→ Exercise data
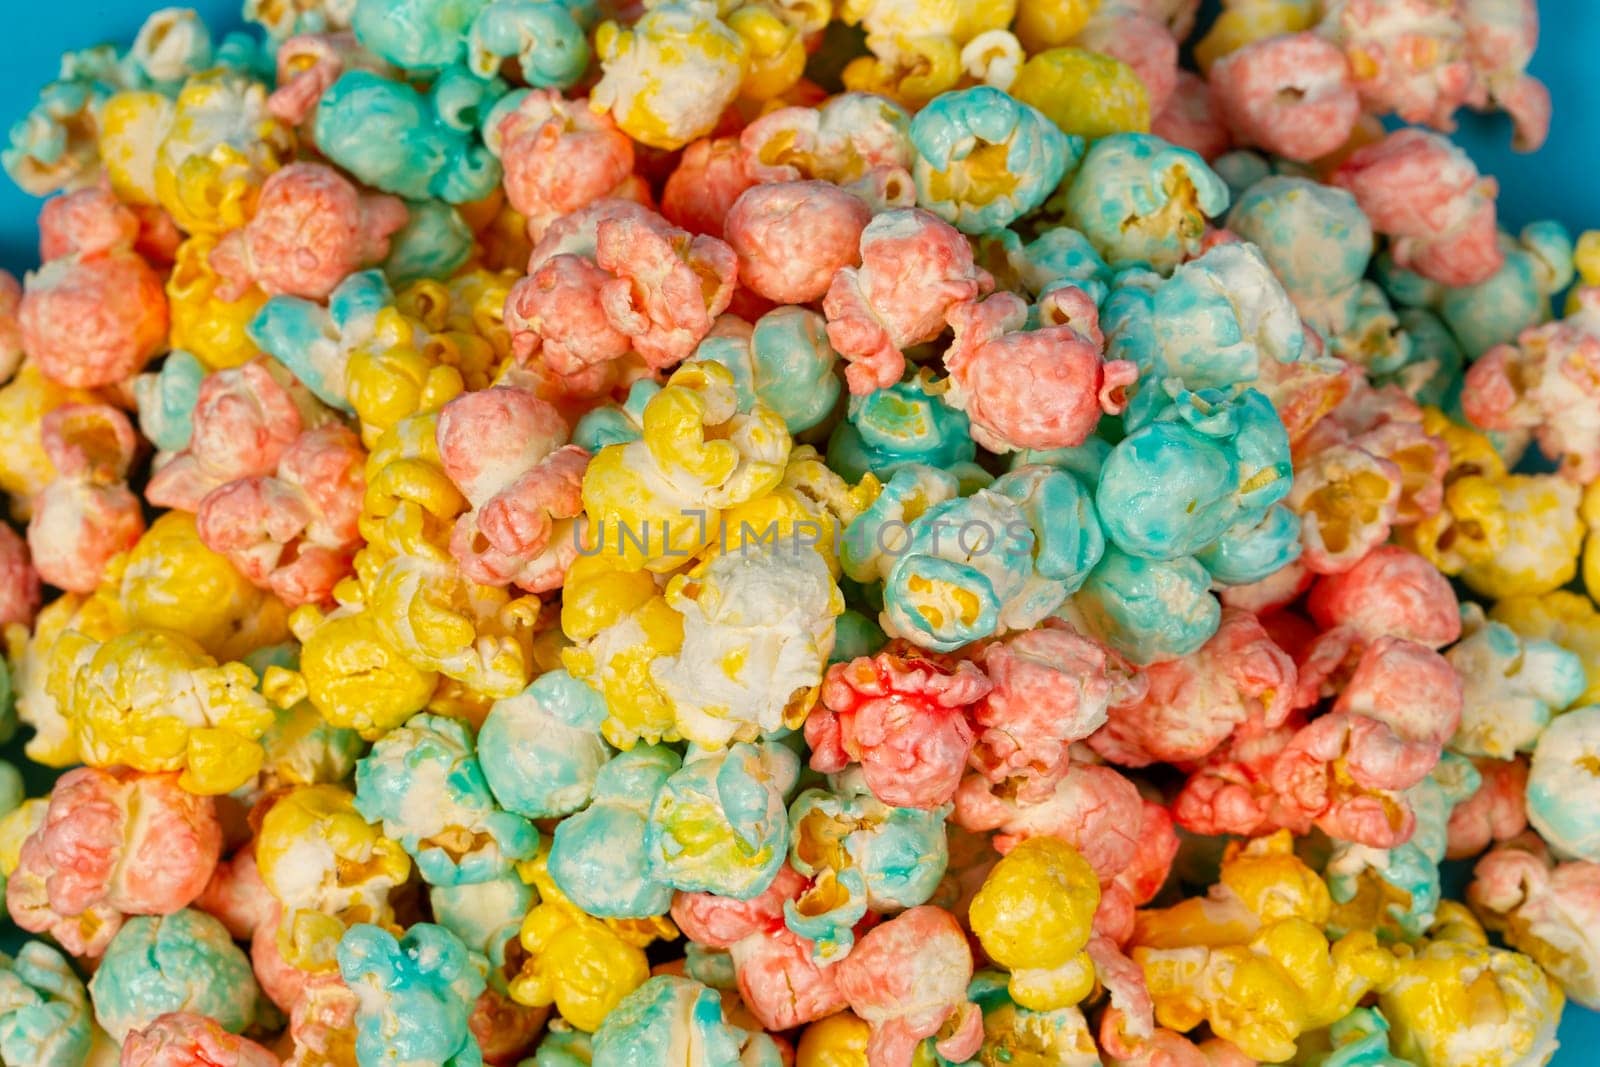 Multicolored popcorn close-up. Colorful beautiful sweet dessert.
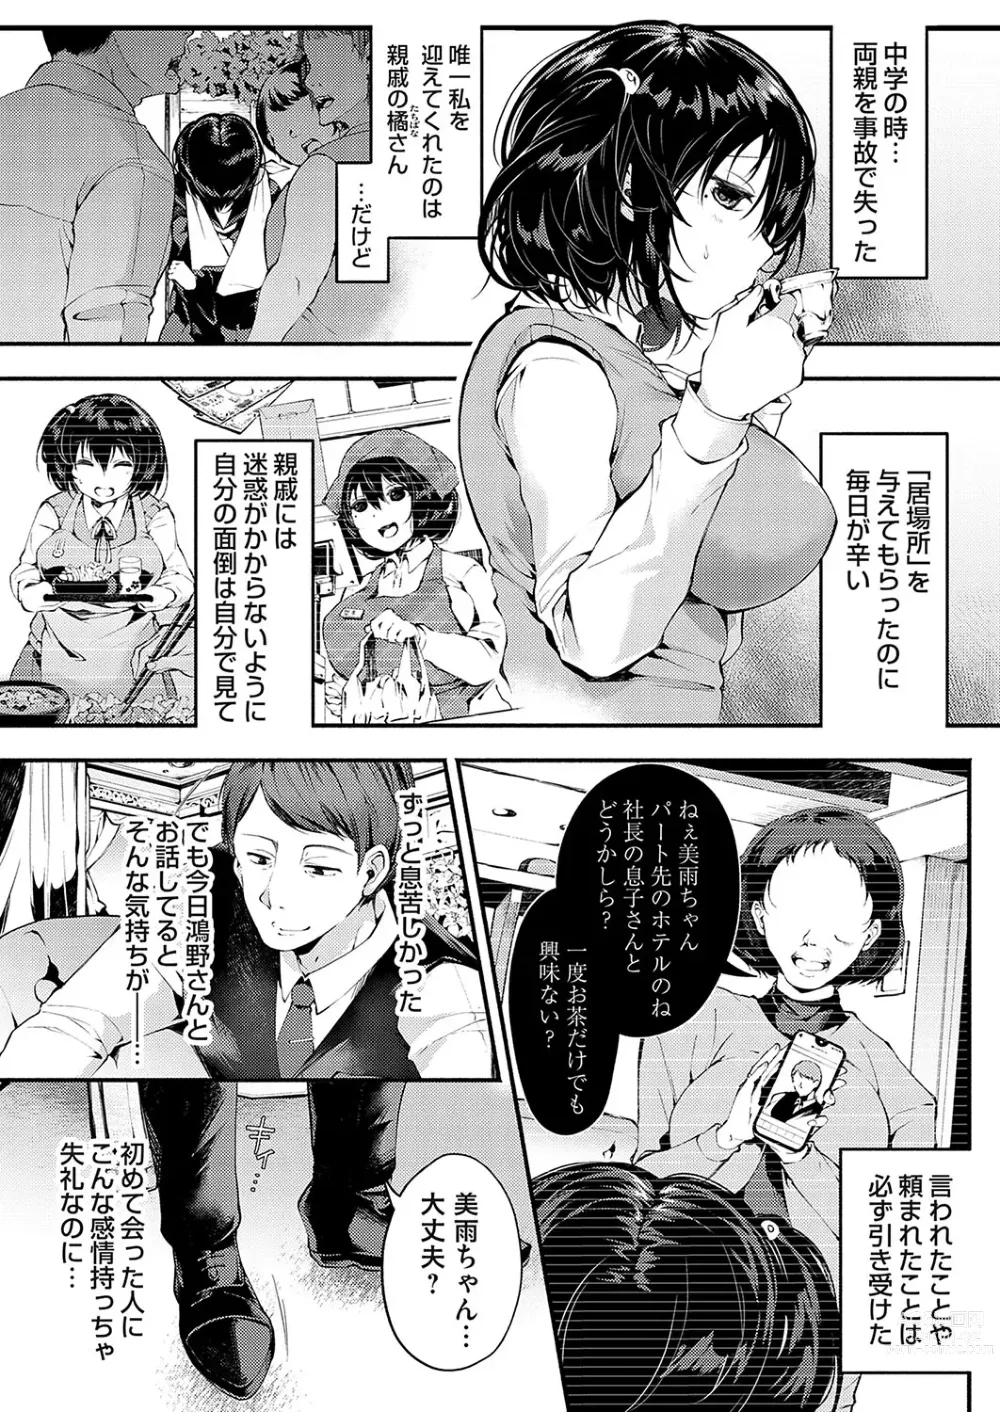 Page 3 of manga COMIC Magnum Vol. 175
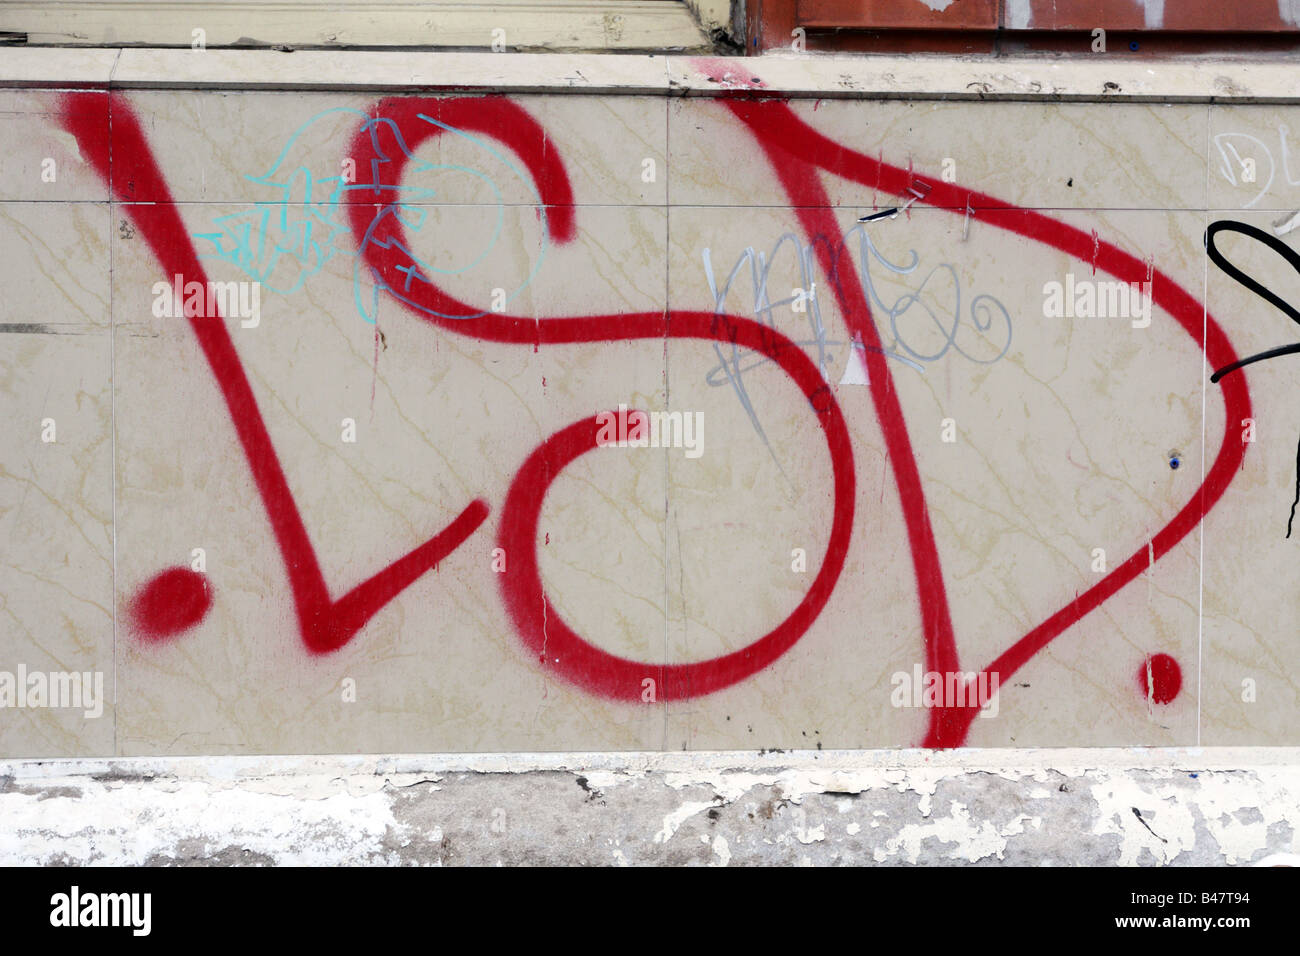 Graffiti scrawl of LSD aka Lysergic acid diethylamide on urban wall in Toronto Canada Stock Photo

→ Exercise
Output all the material above exactly once more, leaving every picture out.

→ Result below
 Multicolored popcorn close-up. Colorful beautiful sweet dessert.
 Page 3 of manga COMIC Magnum Vol. 175
 Graffiti scrawl of LSD aka Lysergic acid diethylamide on urban wall in Toronto Canada Stock Photo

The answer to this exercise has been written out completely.